Using 4 equal-width intervals, show that the trapezoidal rule is the average of the upper and lower sum estimates for the integral from 0 to 2 of x squared, dx .
What does it mean by "upper and lower estimates?"
How do I find these?
Of the left and right sums, one will overestimate and the other will underestimate.
Since the area of a trapezoid (with vertical bases h1 and h2) is (h1+h2)*w
You can see how that is the average of the left-side height and the right-side height for each sub-interval.
I can't believe this is not explained in your text, and in far greater detail, giving illustrations!
To show that the trapezoidal rule is the average of the upper and lower sum estimates, let's first calculate the upper and lower sum estimates for the given integral.
The trapezoidal rule estimates the integral by dividing the interval into multiple sub-intervals and approximating the area under the curve within each sub-interval using trapezoids.
In this case, we are dividing the interval [0, 2] into 4 equal-width intervals.
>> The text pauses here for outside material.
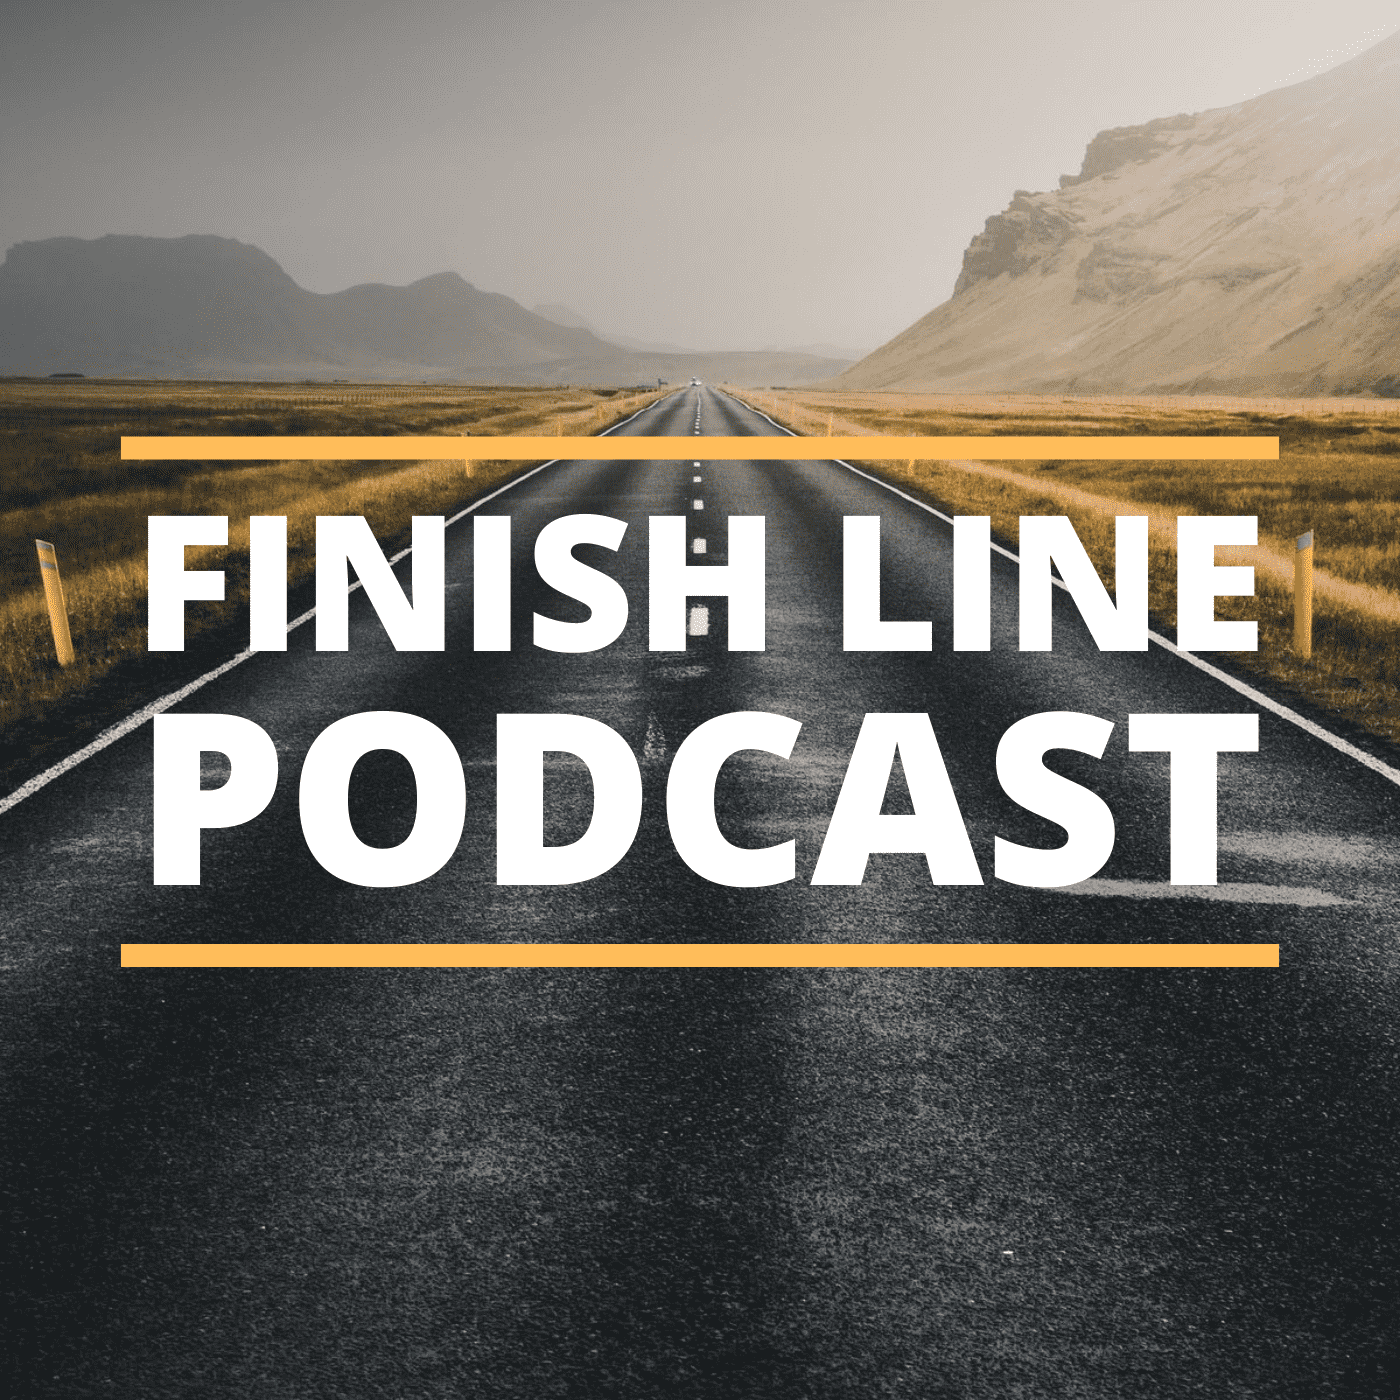 The Finish Line Podcast

Therefore, the width of each sub-interval is (2 - 0) / 4 = 0.5.
Now, let's calculate the upper sum estimate:
1. Find the values of x at the endpoints of each sub-interval:
x₀ = 0
x₁ = 0.5
x₂ = 1
x₃ = 1.5
x₄ = 2
2. Calculate f(x) for each x:
f(x₀) = (x₀)² = 0² = 0
f(x₁) = (x₁)² = 0.5² = 0.25
f(x₂) = (x₂)² = 1² = 1
f(x₃) = (x₃)² = 1.5² = 2.25
f(x₄) = (x₄)² = 2² = 4
3. Calculate the areas of the trapezoids within each sub-interval:
A₁ = (0.5) * (f(x₀) + f(x₁)) = (0.5) * (0 + 0.25) = 0.125
A₂ = (0.5) * (f(x₁) + f(x₂)) = (0.5) * (0.25 + 1) = 0.625
A₃ = (0.5) * (f(x₂) + f(x₃)) = (0.5) * (1 + 2.25) = 1.625
A₄ = (0.5) * (f(x₃) + f(x₄)) = (0.5) * (2.25 + 4) = 3.125
4. Calculate the upper sum estimate:
Upper Sum Estimate = A₁ + A₂ + A₃ + A₄ = 0.125 + 0.625 + 1.625 + 3.125 = 5.5
Next, let's calculate the lower sum estimate:
1. Calculate the areas of the rectangles within each sub-interval:
R₁ = (0.5) * f(x₀) = (0.5) * 0 = 0
R₂ = (0.5) * f(x₁) = (0.5) * 0.25 = 0.125
R₃ = (0.5) * f(x₂) = (0.5) * 1 = 0.5
R₄ = (0.5) * f(x₃) = (0.5) * 2.25 = 1.125
2. Calculate the lower sum estimate:
Lower Sum Estimate = R₁ + R₂ + R₃ + R₄ = 0 + 0.125 + 0.5 + 1.125 = 1.75
Finally, let's calculate the average of the upper and lower sum estimates:
Average = (Upper Sum Estimate + Lower Sum Estimate) / 2
= (5.5 + 1.75) / 2
= 7.25 / 2
= 3.625
Therefore, the trapezoidal rule is the average of the upper and lower sum estimates for the given integral.